The main idea of the target-decoy approach to compute false discovery rates is to feed the search engine answers that you know are wrong. These are referred to as ‘decoys’, typically generated by reversing, randomizing, or scrambling real protein sequences. You then estimate error rates in your resulting answer list by seeing how these known wrong answers show up in the list in comparison to the target proteins.
Once you have a ranked list of target and decoy answers you can compute the FDR rates. Typically, in proteomics, global FDR rates are computed (top figure). Here you are asking the question, out of the population of answers how many are wrong. So, in the example below, if you want to know how many proteins are found at a 5% global FDR, you go down the list (across the x-axis) until you have 5% wrong answers in your total number of answers, that is 970 proteins.

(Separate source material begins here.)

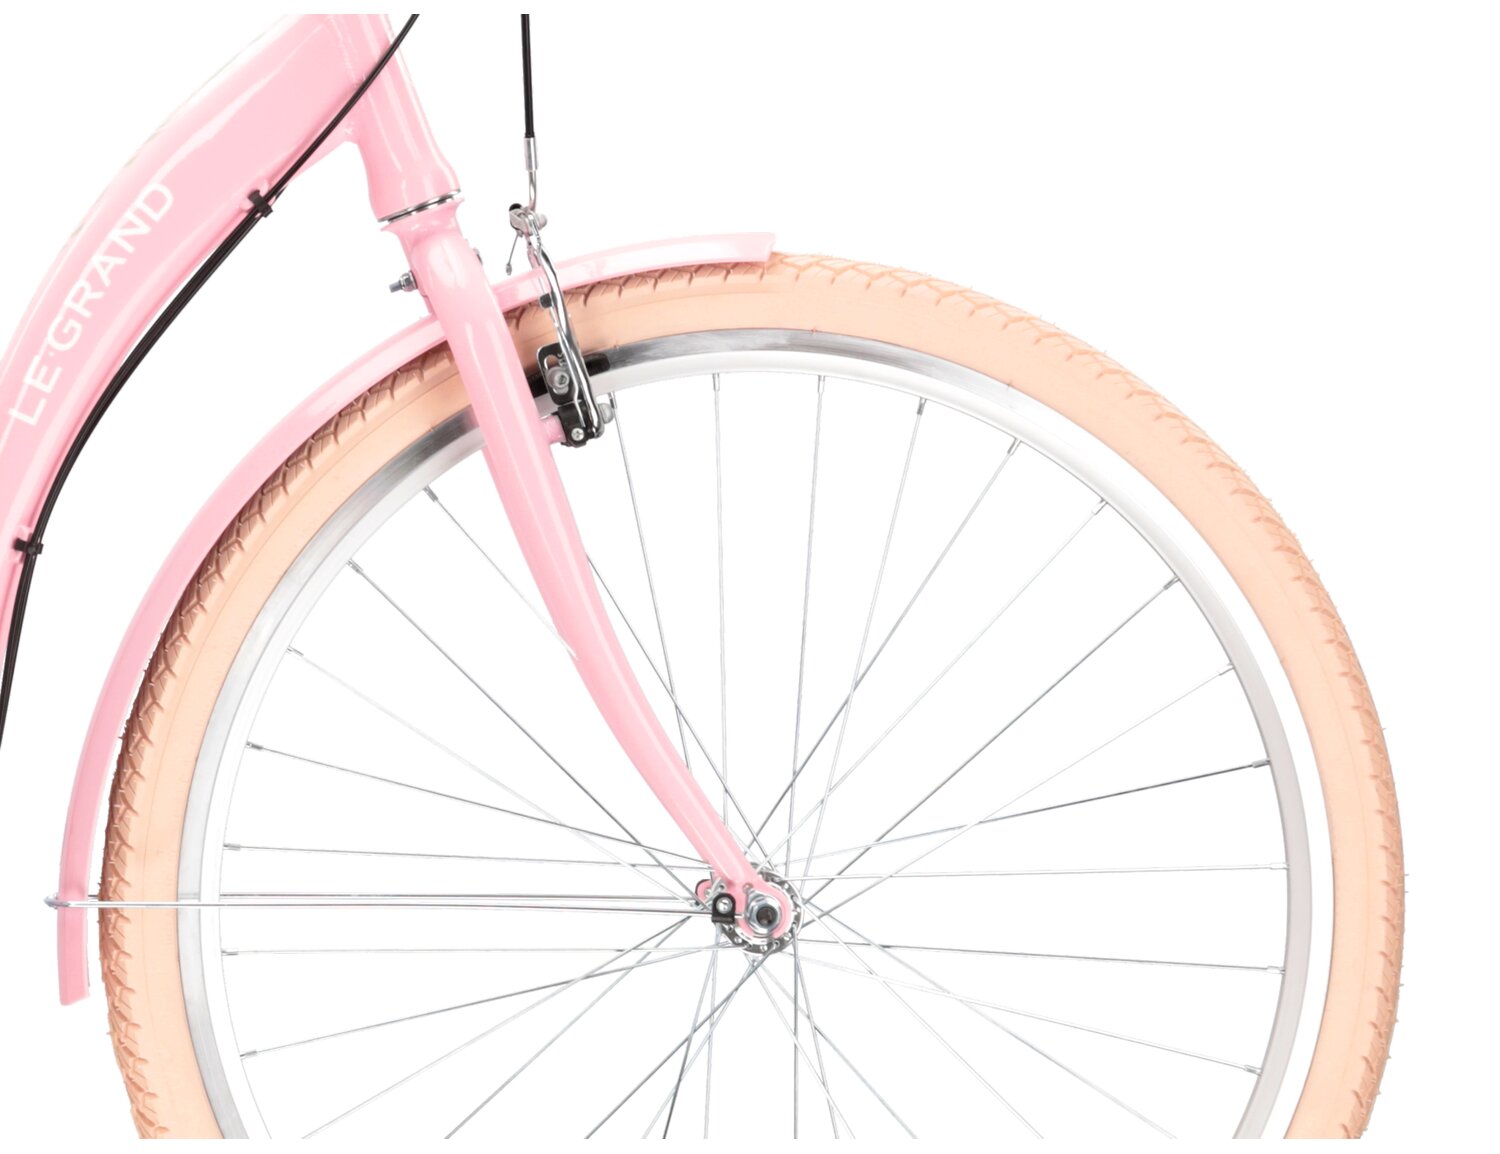 Aluminowa rama, sztywny stalowy widelec oraz opony o szerokości 1,75 cala w rowerze miejskim Le Grand Lille 2.0 
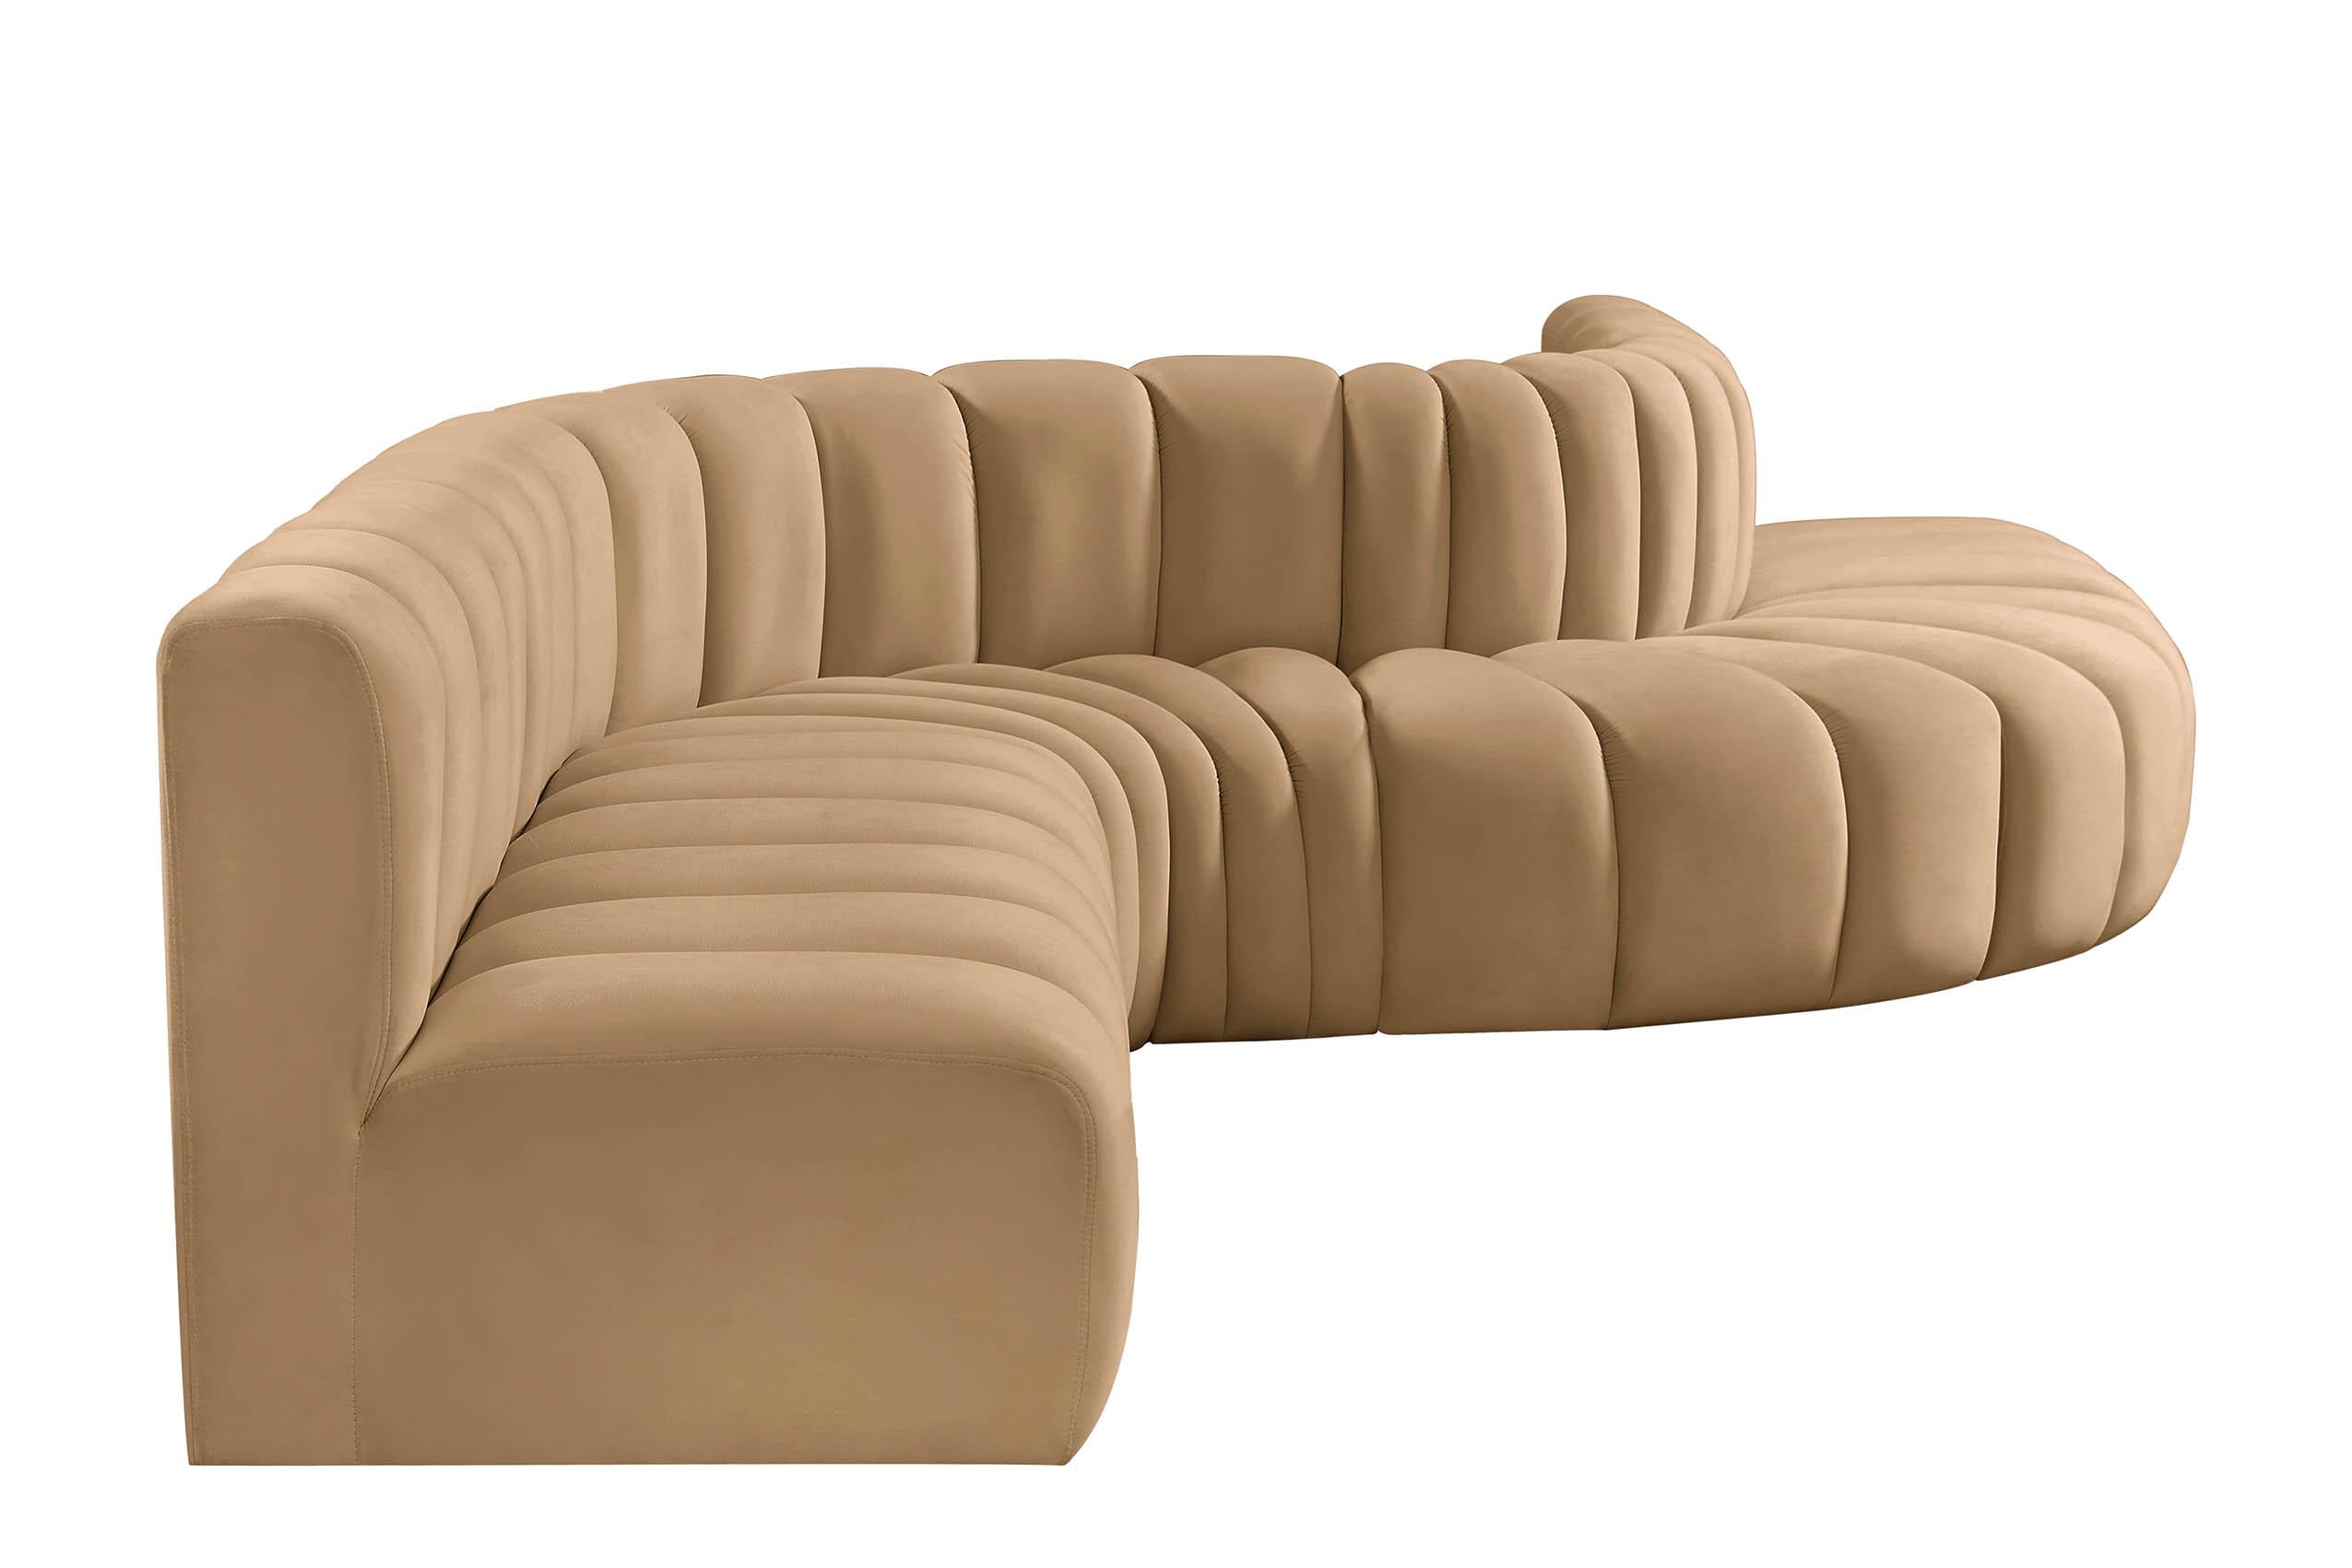 

    
103Camel-S7C Meridian Furniture Modular Sectional Sofa

This is a great metric for characterizing performance of a method, comparing methods, etc.
However, if you are more interested in understanding a key protein biomarker or want to know if that protein really is part of a complex, you want to ask the question, how sure am I of this protein. Here we want to compute a local FDR, something more like confidence. So, we look at the list and ask the question how many are wrong in the area of my protein of interest. In the example below, we can see that at protein 970 in the list, the decoys are accumulating at a pretty fast rate and that the local FDR is more like 50%.
Both global and local FDRs are reported in the ProteinPilotReport for every ProteinPilot software search in tabular form. Graphical representations of the results are also shown as well as the fitting used to compute the values1. The corresponding confidences that can be seen when viewing the group file within the software are also shown.
Tang, W. H.; Shilov, I. V.; Seymour, S. L., (2008) Nonlinear Fitting Method for Determining Local False Discovery Rates from Decoy Database Searches. J. Proteome Res. 7(9), 3661-3667.